The Einstein Redshift in White Dwarfs


Low-dispersion radial velocities of 53 white dwarfs have been measured on Palomar spectrograms. Table 1 contains the type, velocity, space-motion components, photometrically deduced temperature and radius, for each star. Table 4 contains 39 additional radial velocities of very low weight. A few members of wide binary systems and 6 white dwarfs in the Hyades provide direct measures of the Einstein gravitational redshift, with a mean value of +51 km/sec. Omitting the very-high-velocity star LP9-231, there are 37 DA stars, with a mean K-term (expansion velocity) of +65.6 km/sec. If the Hyades stars are omitted, the mean K term is +62.5 km/sec. A number of white dwarfs are members of the high-velocity population. Systematic wavelength shifts of He i lines in DB stars make their velocities more negative than those of DA stars; similar negative shifts may exist for metallic lines. The temperature scale is obtained from colors and, combined with luminosities, gives radii. The broad distribution of radii and redshifts is shown in Figure 2, and median values are derived. The median radial velocity for 37 DA stars is +58 km/sec, and the median radius 0.0107 R_⊙; the redshift and radius give a mass of 0.98 M_⊙. However, this value is almost certainly too high, if we expect accordance with the theoretical mass-radius relation. The theoretical M-R relation of a zero-temperature degenerate star predicts a redshift, for given mass, for various compositions. Two corrections could bring the theoretically expected redshifts into agreement with the observations.
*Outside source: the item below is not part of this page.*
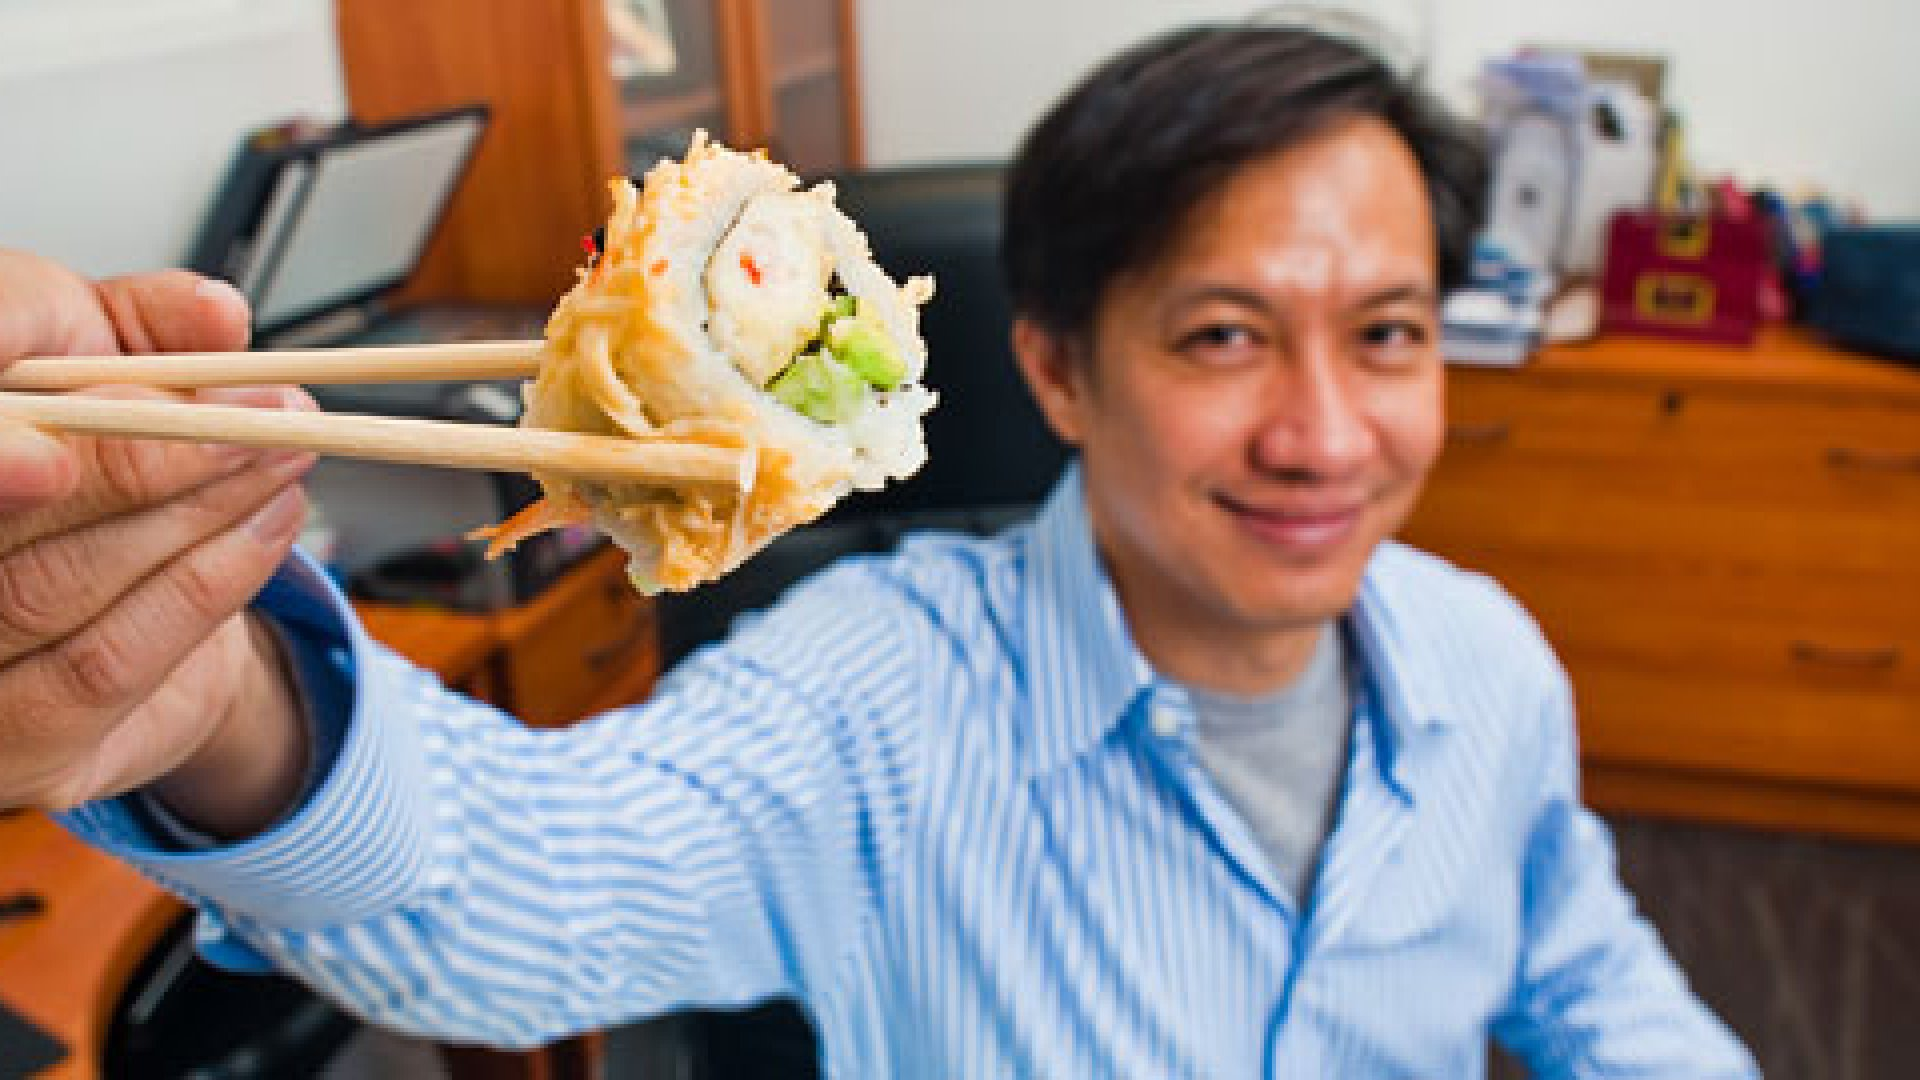 Philip Maung, is the founder of Charlotte, North Carolina-based franchise Hissho Sushi.

Either a systematic change in luminosity, ΔM_v of +0.25 mag, or a reciprocal temperature change of Δθ = —0.03, reduces the median radius to 0.0093 R_⊙. The mass derived from the redshift is then 0.86 M_⊙. These values are in accordance with the Hamada-Salpeter mass-radius relation, if the composition in the interior is pure helium. A carbon or magnesium interior also gives a radius not too different from the colorimetric radius. An iron core gives a mass of 0.73 M_⊙, but a radius of 0.008 R_⊙, sufficiently smaller to require substantial changes in the temperature scale. The mass now derived from the radial velocities is higher than that previously found from radii only and closer to the Chandrasekhar limit.

Additional Information

© 1967 American Astronomical Society • Provided by the NASA Astrophysics Data System. Received February 1, 1967. This research was supported in part by the U S. Air Force under contract AF 49(638)-1323, monitored by the Air Force Office of Scientific Research of the Office of Aerospace Research.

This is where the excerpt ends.